As company would sponsor him will the points system apply?


----------



## Brockham (Feb 15, 2011)

457 - PR 856 What happens is for certain checks (i.e. skills assessment) you can be exempt if you work in the sponsored occupation for two years on the 457- WHAT IF OVER 45YRS OLD?

Also will company who sponsoring us be able to apply for ENS after 6 months whilst working in country?

Reason why I ask all of this is that since the whole family (Husband , myself & 2 kids) will be moving out on a 457 working visa I would like to think that we could stay and not have to return home. Any advice is really appreciated. Thanks


----------



## amaslam (Sep 25, 2008)

For an 856 no, but the age limit still does.

All eligibility requirements are here:
Employer Nomination Scheme (Subclass 121/856)

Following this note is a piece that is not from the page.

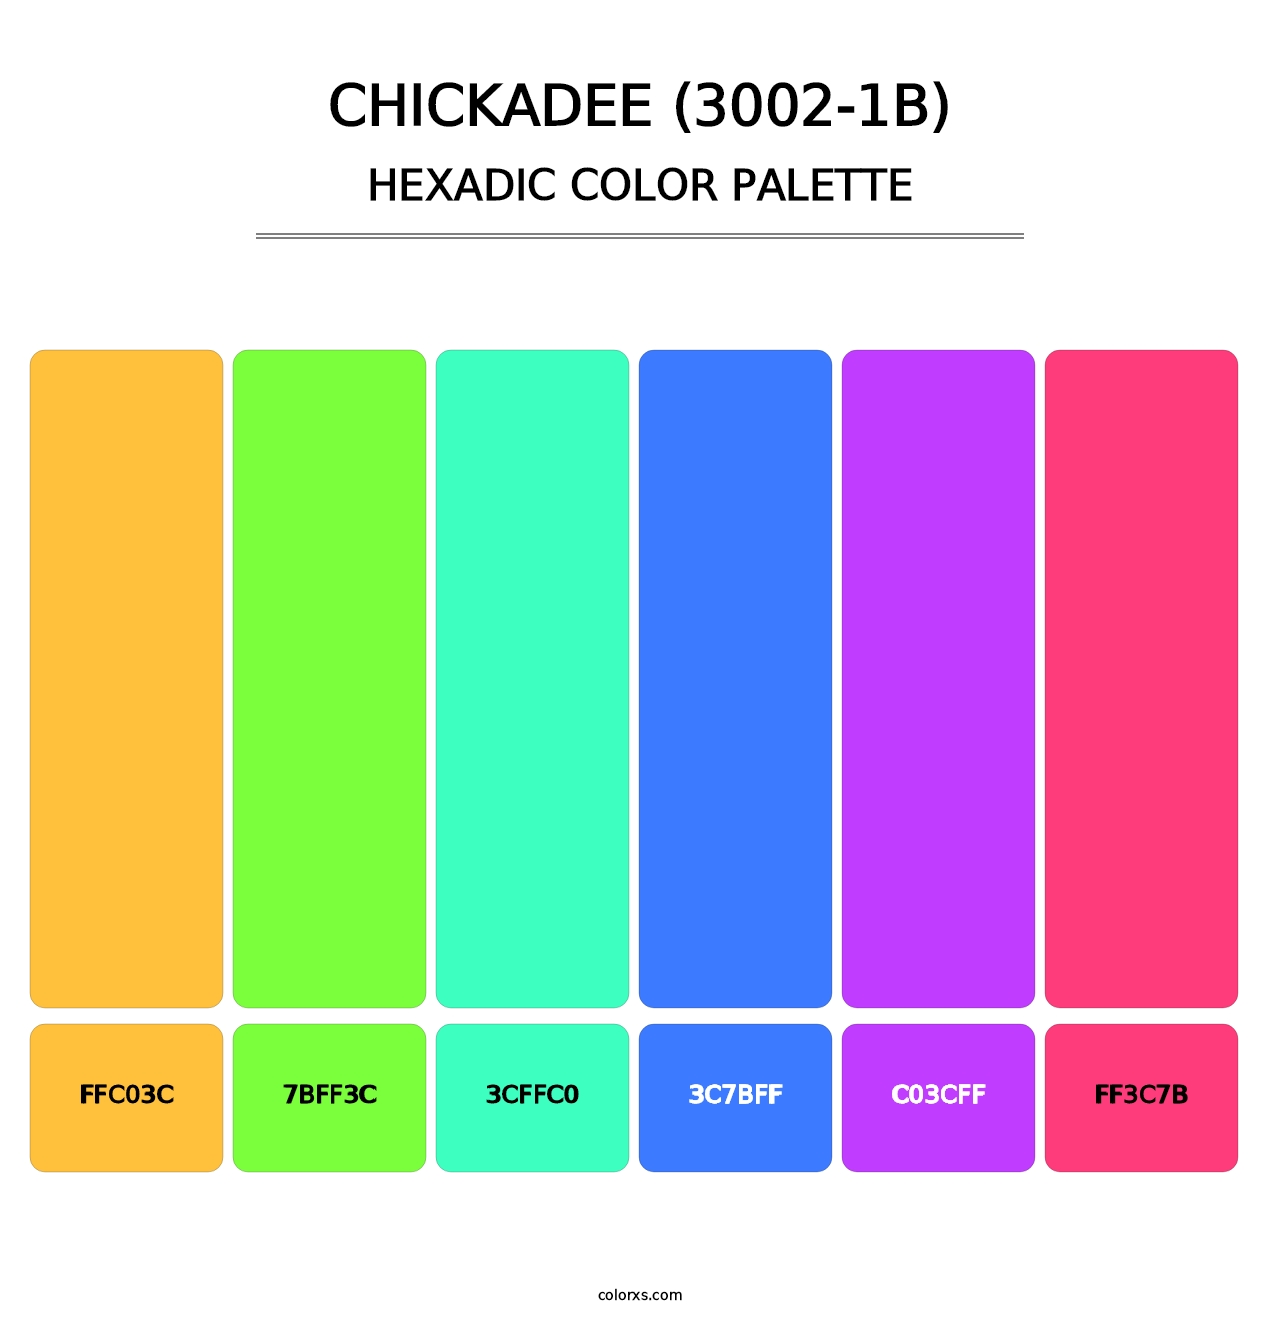 Chickadee (3002-1B) - Hexadic Color Palette
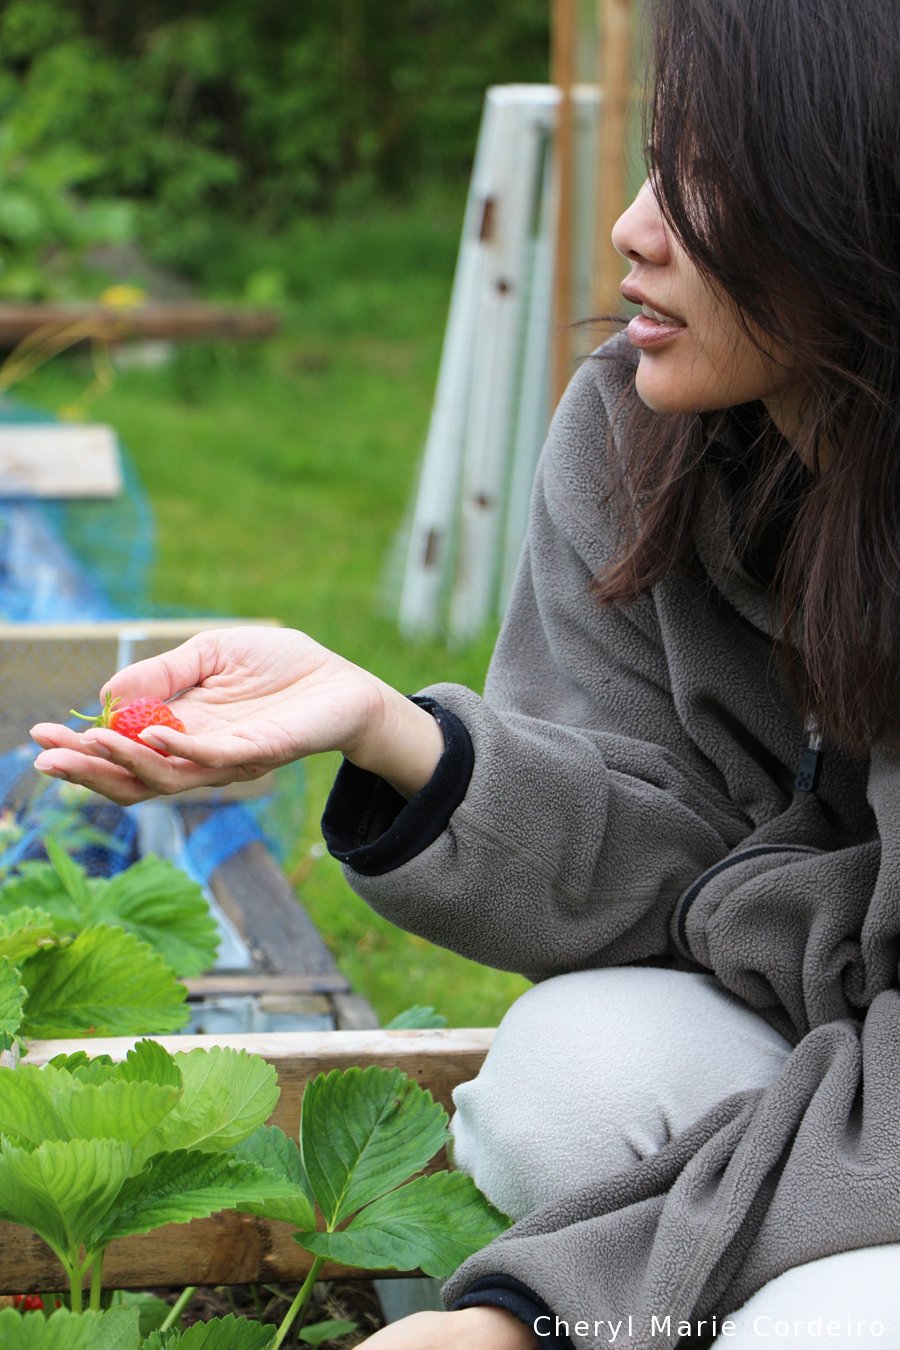 Cheryl Marie Cordeiro, strawberry harvest 2015

If you were to apply without the company (175) then points system would apply.



Brockham said:


> As company would sponsor him will the points system apply?


----------



## amaslam (Sep 25, 2008)

Your company can apply for an 856 on your behalf at any time. Ideally it can even be timed to the week you enter AU. 

I know about the exemption because I also used it to go from 457 --> 856. But your big barrier right now is the age. You won't be eligible for a 856 once you turn 45. So you need to forget about the 2 yr work in country exemption and look at the third condition (the skills assessment). That way you can apply for an 856.

If you were doing a 175 the process and forms would be the same but they would not depend on the company. The big advantage of the 856 other than processing time (priority 1) is that you get it onshore (without leaving AU). A 175 I believe you need to leave AU to receive it and then return on it to become activated as a PR.



Brockham said:


> 457 - PR 856 What happens is for certain checks (i.e. skills assessment) you can be exempt if you work in the sponsored occupation for two years on the 457- WHAT IF OVER 45YRS OLD?
> 
> Also will company who sponsoring us be able to apply for ENS after 6 months whilst working in country?
> 
> Reason why I ask all of this is that since the whole family (Husband , myself & 2 kids) will be moving out on a 457 working visa I would like to think that we could stay and not have to return home. Any advice is really appreciated. Thanks


----------



## Brockham (Feb 15, 2011)

So as long as company apply 856 before he is 45 this should work?


----------



## amaslam (Sep 25, 2008)

Yes, and as long as you pass the skills assessment and other requirements (health and police checks).



Brockham said:


> So as long as company apply 856 before he is 45 this should work?


----------



## Brockham (Feb 15, 2011)

amaslam said:


> Yes, and as long as you pass the skills assessment and other requirements (health and police checks).


Sounds good now just need to secure that job and will then ask company to sponsor us on 856 visa after 6 months probation or before.

Many thanks for your help. This is a good site!


----------